2:37  Some of the smartest doctors in the Functional Medicine field just happen to be chiropractors.  The reason is because we share a major premise that the body has innate intelligence that heals itself if we just remove the interference for this. 

3:13  Dr. Pompa became interested in fasting in the 90s from his involvement with a vegetarian group that was inspired by some books by Herbert Shelton on fasting and he went to some of the seminars. At that time, fasting was not very popular.

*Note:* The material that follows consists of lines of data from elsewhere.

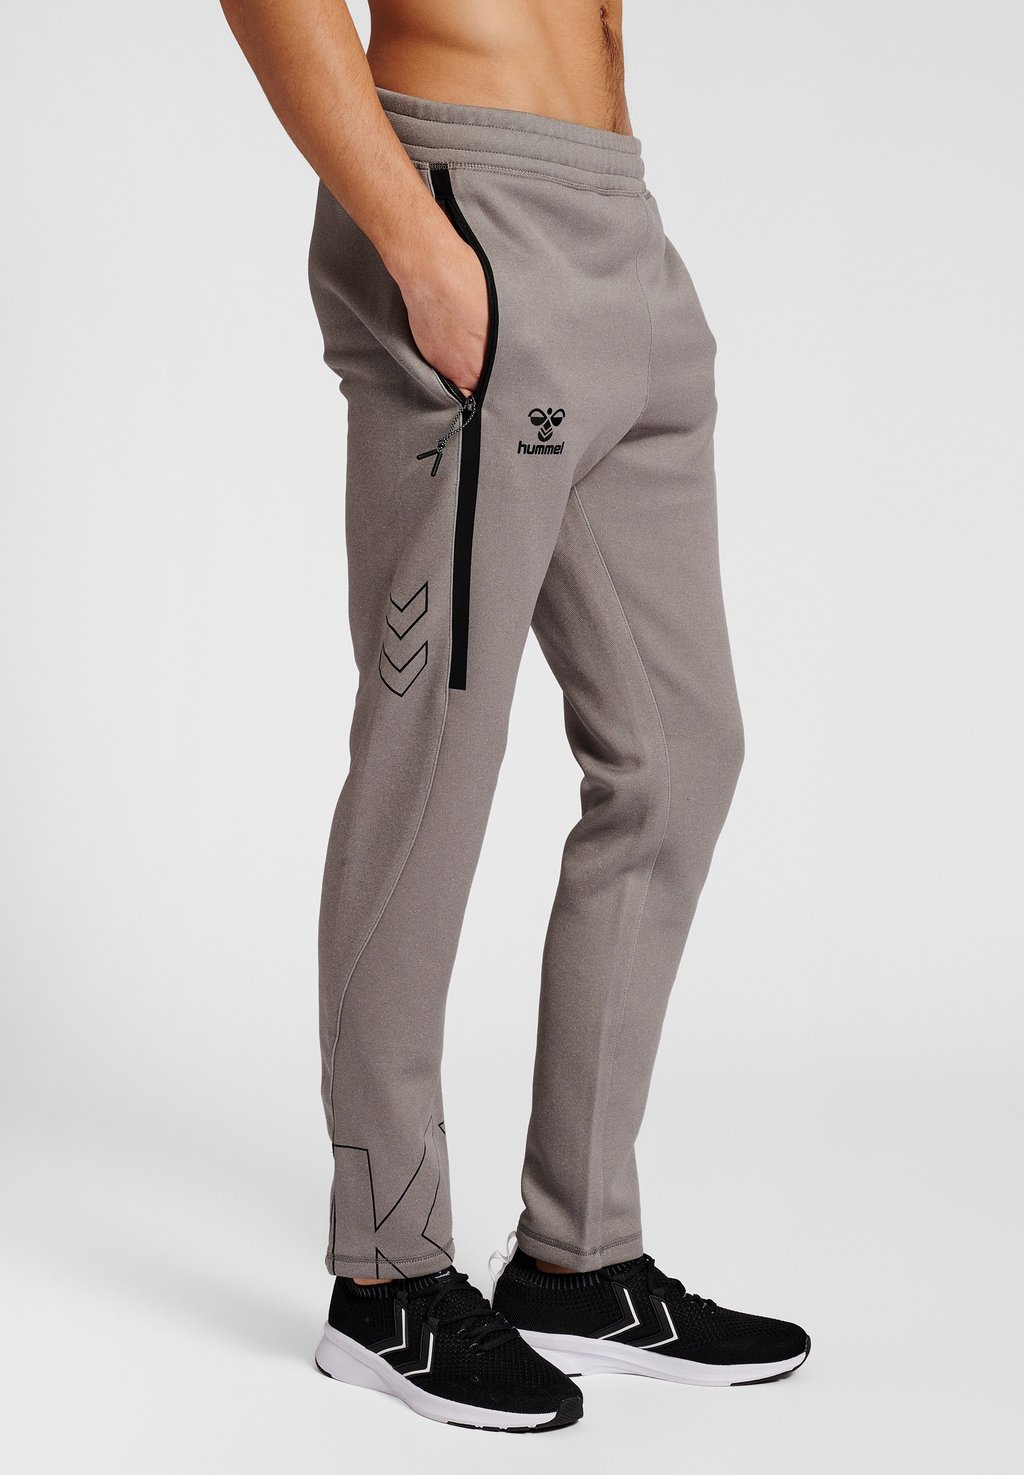 Спортивные брюки Hummel, серый меланж спортивные брюки kappa серый меланж
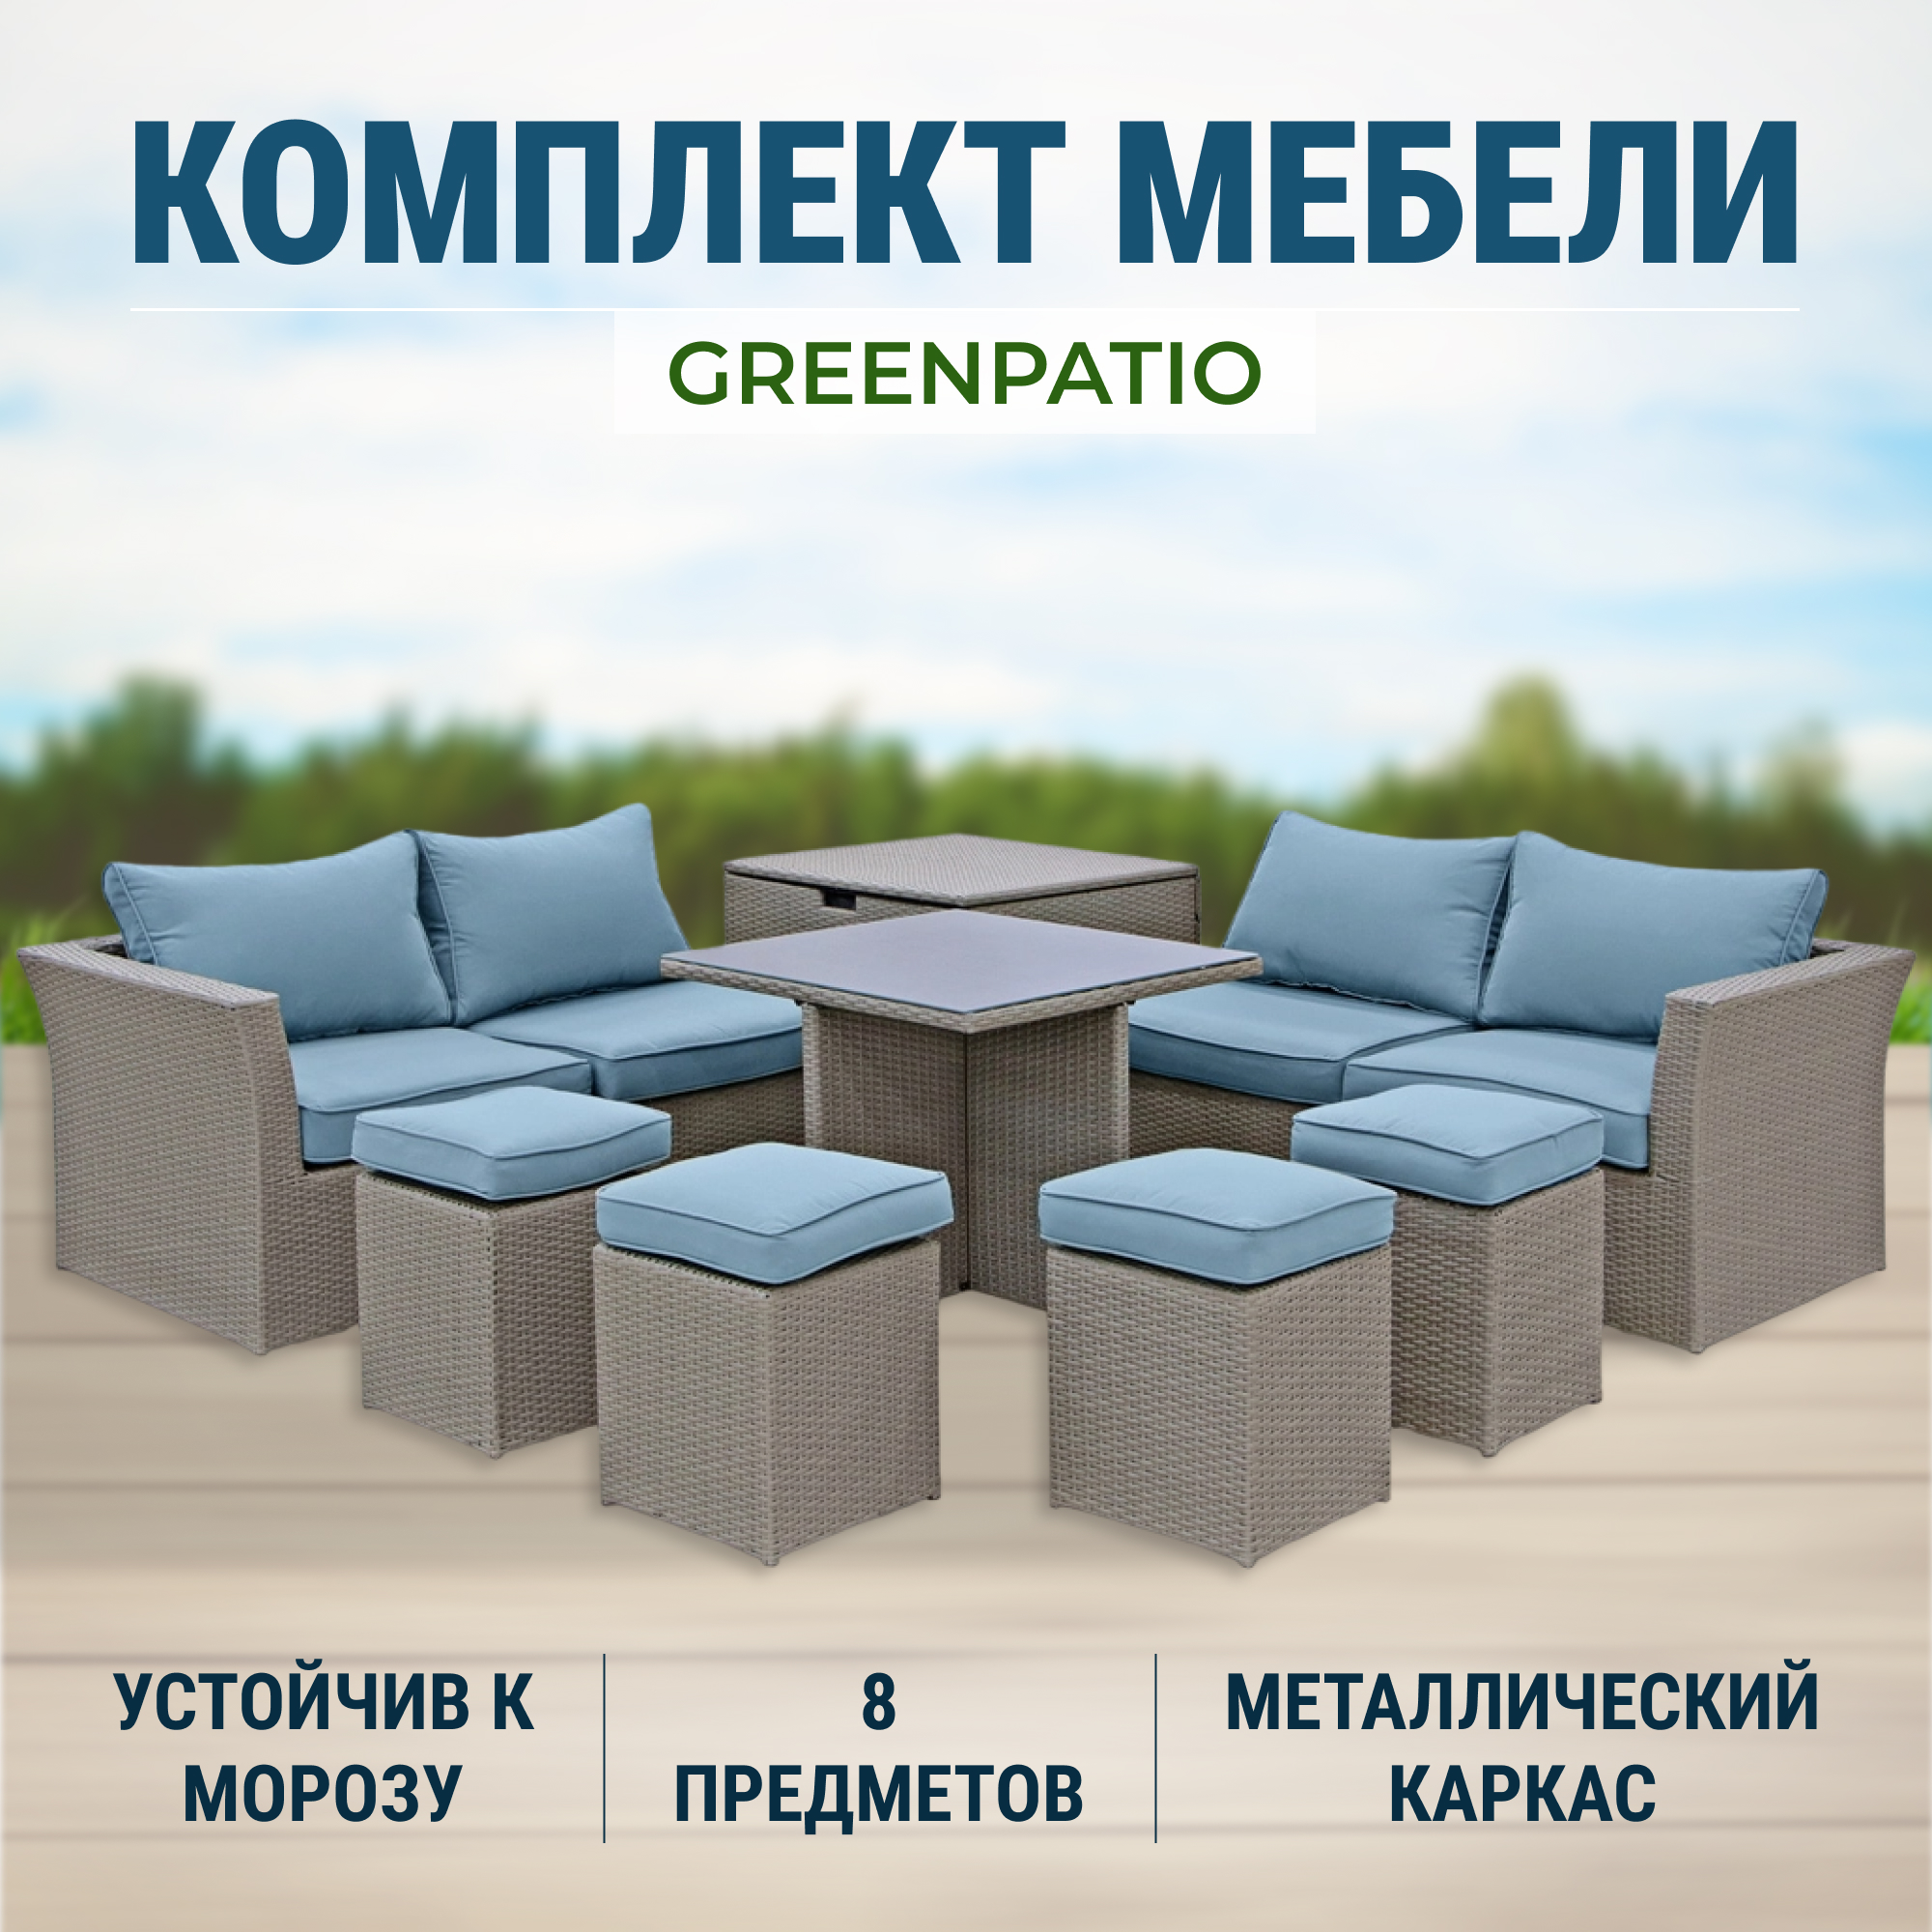 Комплект мебели Greenpatio 8 предметов серый, цвет голубой, размер 145х80х64 см - фото 2
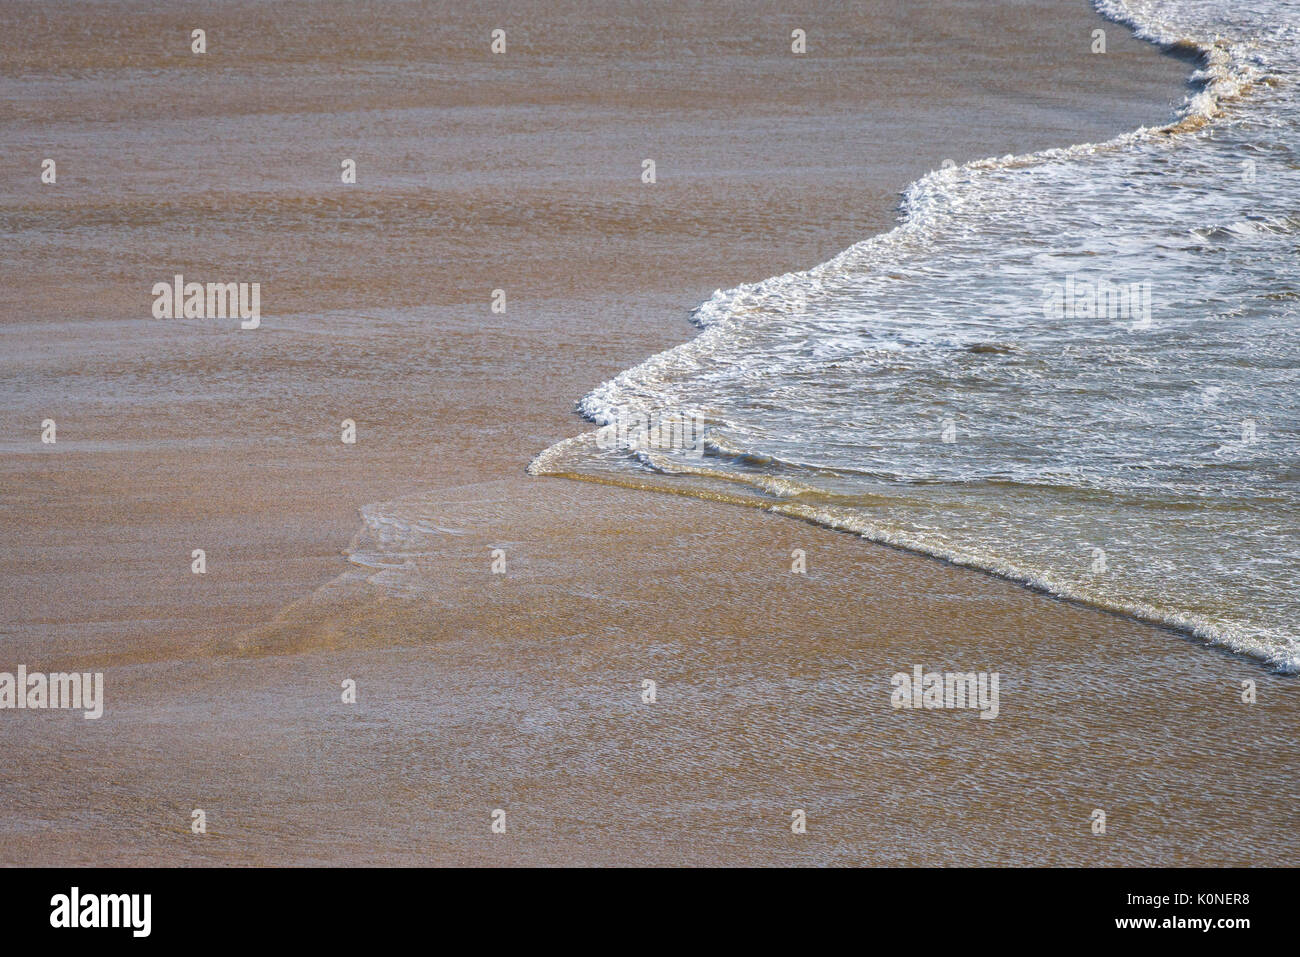 Marea entrante en una playa desierta. Foto de stock

4:15  Intermittent daily fasting is where you don’t eat for a period of time that could be 12 or 15 hours or even 24 hours.  Extended fasts are where you go without food for between 2 and 5 days. And there are certain conditions that will benefit from an even longer fast.  Dr. Alan Goldhamer, who I interviewed on episode 116, has patients do a 30 day medically supervised fast.  30 Day Fasting with Dr. Alan Goldhamer: Rational Wellness Podcast 116   

5:36  Dr. Pompa discussed a patient that he fasted years ago for a grapefruit sized tumor for about 26 days. It took that long to reduce the tumor to the size of a golf ball. She was detoxing and her tongue went from coated white to green to black and fuzzy her family had to cross ventilate their house since she smelled so bad.  When you do a 5 day fast, the magic happens after 3 days when you have lost your hunger and you get your energy back. Day four we hit max autophagy, which is when your body eats broken down and damaged cells, organelles, and even DNA and recycles these proteins and nucleic acids. So then you continue the fast one more day for 5 days to really take advantage of this autophagy and then you see a massive rise in stem cells to rebuild and massive rise in growth hormone as well. The benefits of a fast tend to decrease after 5 days, so multiple 5 day fasts is the way to go in order to maximize autophagy and allow the body to heal itself.

9:22  Dr. Pompa prefers to do water only fasts, but he often starts clients with a partial fast, such as using the five day partial fast developed by Dr. Valter Longo, which makes it easy. You just eat what’s in this box, nothing else, for 5 days. You can design such a program yourself and Dr. Pompa in his Beyond Fasting book explains how you can design a partial fast around the foods that you like.

11:12  With a partial fast you get a lot of the benefits of a full fast. You still get autophagy and stem cell production.  It is helpful to work up to a complete water fast by starting with a partial fast that contains between 500 and 1,000 calories, depending upon the person.  But such a fast does need to get the protein levels down to below 15-20 grams per day, depending upon the size of the person.  Many of the studies that look water only fasts do not see as many results as Dr. Pompa’s patients get because they prepare and train for the fast so that their body is fat adapted and ready for the fast, much as you would train to be able to run a marathon. He lays out a seven week program in his book, Beyond Fasting, for how to prepare to do a 5 day water only fast. With a water only fast you get energy divergent where your body uses it’s energy that does not need to help digesting food and this energy can be used to help the body to heal, whether it’s a knee or the kidneys.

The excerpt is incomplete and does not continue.